Finanziamento del programma

EUR 11 million

Riferimento Gazzetta ufficiale

L 361 del 1994-12-31

Riferimento legislativo

94/918/EC del 1995-12-15
Attività istituzionali di sostegno scientifico e tecnico volte a contribuire al miglioramento della sicurezza e dell'affidabilità dei sistemi.

Riassunto

Su richiesta della DG III, il CCR fornisce sostegno tecnico e scientifico all'attuazione del programma specifico di RST nel campo delle tecnologie dell'informazione nel contesto del Quarto programma quadro (1994-1998).

Le attività di ricerca istituzionali scientifiche e tecniche che costituiscono un elemento di azione diretta CCR, sono definite come attività necessarie per la formulazione e l'attuazione di politiche comunitarie e di altri compiti intrapresi dalla Commissione che necessitano la neutralità del CCR. L'altro elemento dell'azione diretta del CCR sono le attività di ricerca istituzionali descritte come quelle per le quali il CCR è dotato di competenze e impianti speciali, se non unici, nella Comunità che contribuiscono all'attuazione della politica di RST della Comunità. Il CCR non svolge attività di ricerca istituzionali a sostegno del programma delle tecnologie dell'informazione.

Il lavoro realizzato dal CCR è incentrato principalmente sul contributo alla sicurezza e alla affidabilità dei sistemi, compresi i sistemi critici sotto il profilo della sicurezza, i sistemi dei computer e dei robot, i sistemi legati alla sicurezza dei computer. L'attività prenormativa principale è rivolta alla promozione del mercato unico comunitario in relazione al mercato paneuropeo emergente dei sistemi informatici critici sotto il profilo della sicurezza, con il contributo del CCR incentrato in particolare su:

- trasferimento di tecnologia all'industria, alla comunità scientifica e ai servizi della Commissione interessati;
- sostegno alle esistenti attività di RST o a quelle pianificate in questo settore, in collaborazione con l'industria;
- assistenza alla DG III nel lavoro preparatorio e prenormativo verso la gestione del flusso di informazioni provenienti dai progetti di ricerca della tecnologia dell'informazione agli enti di normalizzazione e viceversa.

Sussiste la possibilità che il CCR possa diventare anche un centro di prove di conformità per software specializzati e dia altri contributi al settore della tecnologia dell'informazione (sviluppo e metodologie di prova) e all'organizzazione di seminari e di attività di formazione.

Oltre alle azioni dirette, il CCR può offrire contratti per svolgere altre attività di sostegno nel contesto di un approccio competitivo. Le azioni in questo contesto vengono realizzate mediante il lavoro adatto ad un approccio competitivo nel contesto di una relazione cliente/contraente e intese al sostegno scientifico e tecnico delle politiche comunitarie.
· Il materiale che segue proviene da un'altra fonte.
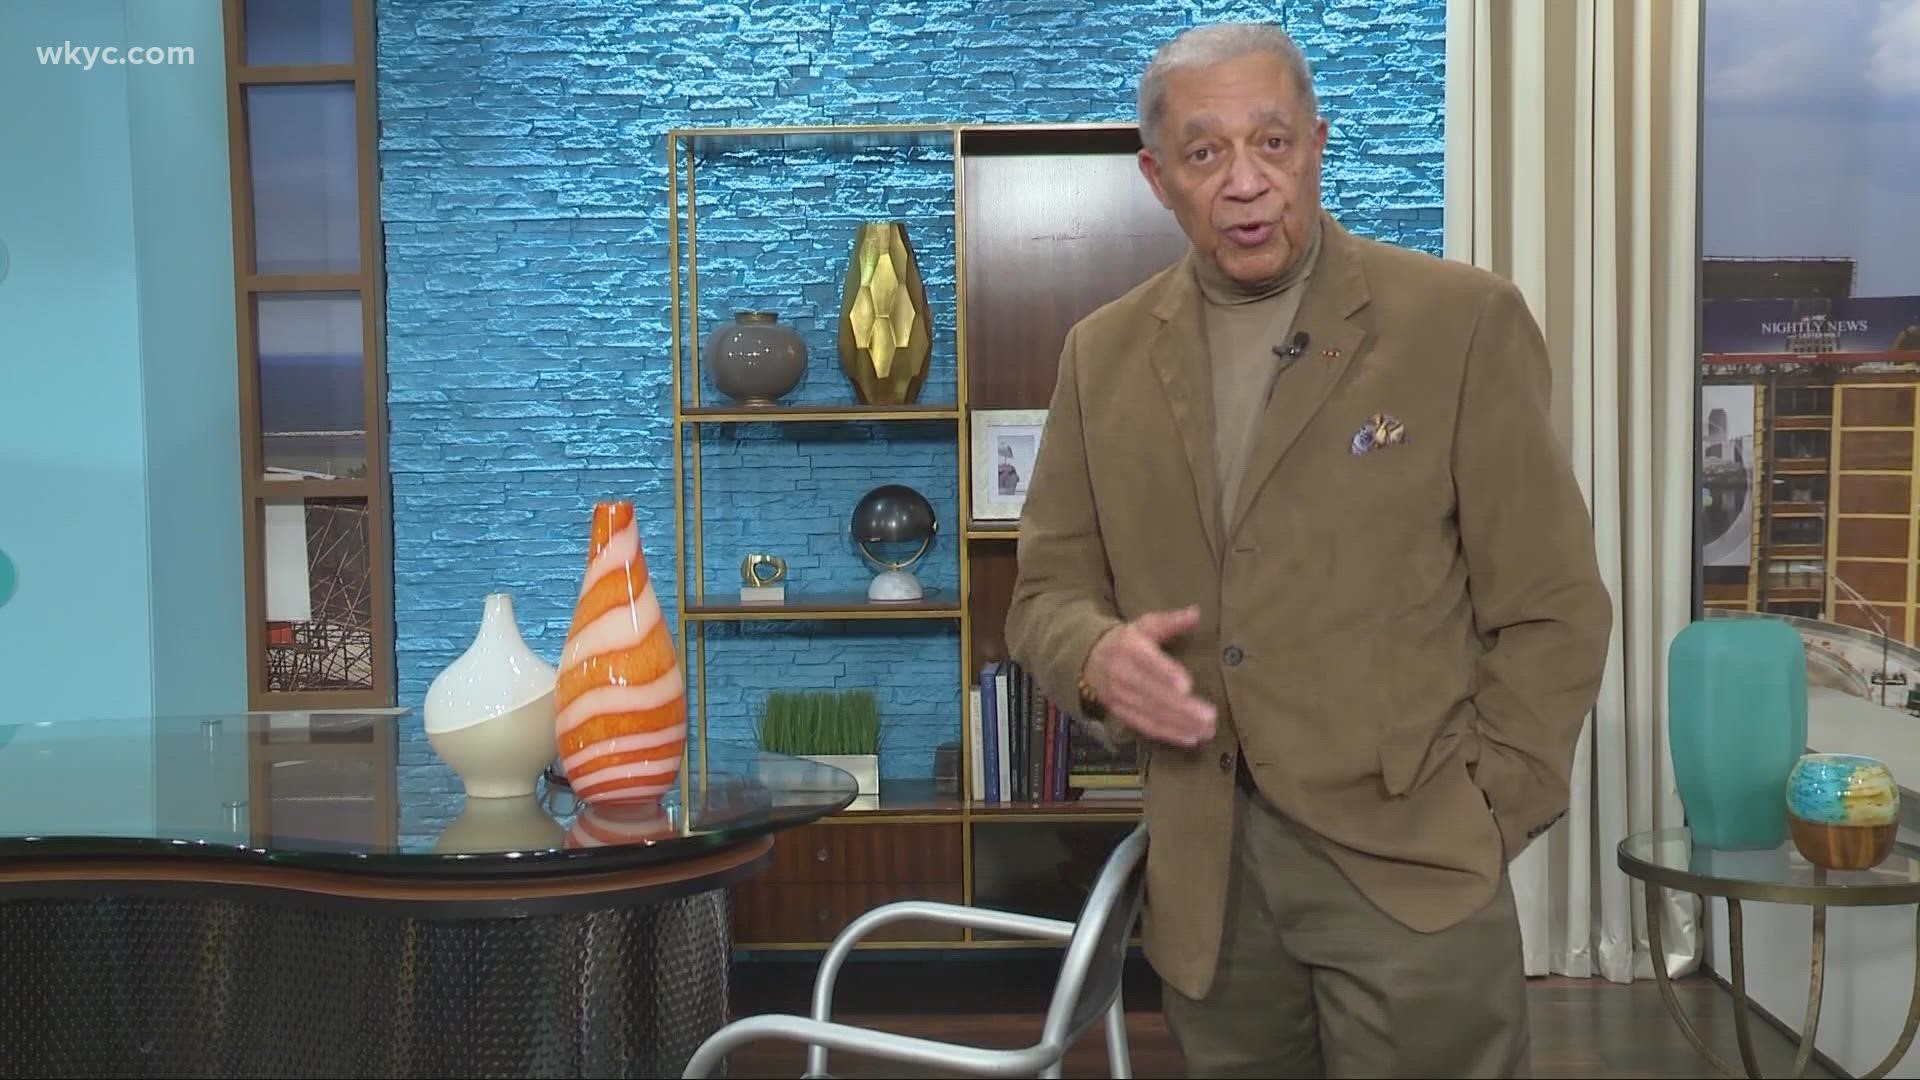 Leon Bibb shares how, for some, blessings and gratitude share space at the table with grief and hardship. All have their rightful place in many homes this year.

Nell'ambito del programma specifico nel settore delle tecnologie dell'informazione, tale lavoro mira a consentire alla Commissione di perseguire la politica comunitaria di TI, in particolare nei settori quali la tecnologia, i componenti ed i sistemi software oppure la tecnologia multimediale, nonché in altre aree prioritarie quali ad esempio i sistemi informatici a prestazioni elevate, i sistemi di microelaborazione e l'integrazione di tali tecnologie nell'ambiente professionale.

Suddivisione

Attività istituzionali di supporto tecnico e scientifico:

un'area:

- sicurezza ed affidabilità dei sistemi:
per contribuire alla creazione di un quadro paneuropeo prenormativo di riferimento per metodi di progettazione e di valutazione per i sistemi informatici critici sotto il profilo della sicurezza (SCCS). Gli argomenti particolari comprendono:
. raccolta di dati e analisi degli incidenti dei sistemi collegati a errori software/hardware e errori di interazione dell'uomo col computer, compresa la possibile creazione di un centro di documentazione SCCS ed un centro di riferimento per la relazione sugli incidenti software;
. sviluppo di una metodologia sistematica per eseguire un'analisi funzionale di un sistema industriale con componenti software integrati e con interazioni umane;
. assistenza alla DG III nell'organizzare esercizi di punti di riferimento collaborativi intesi a valutare le diverse tecniche di riferimento per lo sviluppo di software e loro effetti sull'affidabilità dei sistemi;
. casistica di robot: applicazione della migliore prassi di ingegneria software e di tecniche di valutazione nello sviluppo di software di controllo critico sotto il profilo della sicurezza per sistemi robotizzati;
. studi su tecniche specifiche per verificare il software, compreso l'utilizzo di tecnologia dei sistemi e sistemi basati sulla conoscenza;
. sviluppo di strumenti basati sulla conoscenza per il supporto della buona prassi di ingegneria del software, necessaria, in particolare, per lo sviluppo di software di elevata qualità e affidabilità;
. istruzione e formazione mediante workshop e seminari nonché divulgazioni di informazioni su attività nell'area SCCS;
. sostegno alla pianificazione di attività SCCS nell'ambito dello specifico programma di RST nel campo delle tecnologie dell'informazione;
. assistenza alla DG III volta a promuovere la collaborazione internazionale e a stimolare e partecipare a reti e gruppi di interesse nell'area SCCS e ingegneria del software.

Attuazione

Il Centro comune di ricerca (CCR) contribuisce alle attività del programma specifico di RST nel campo delle tecnologie dell'informazione (1994-1998) mediante l'attuazione di attività istituzionali di supporto scientifico e tecnico (cfr. definizione nella sezione "informazioni generali" del presente documento).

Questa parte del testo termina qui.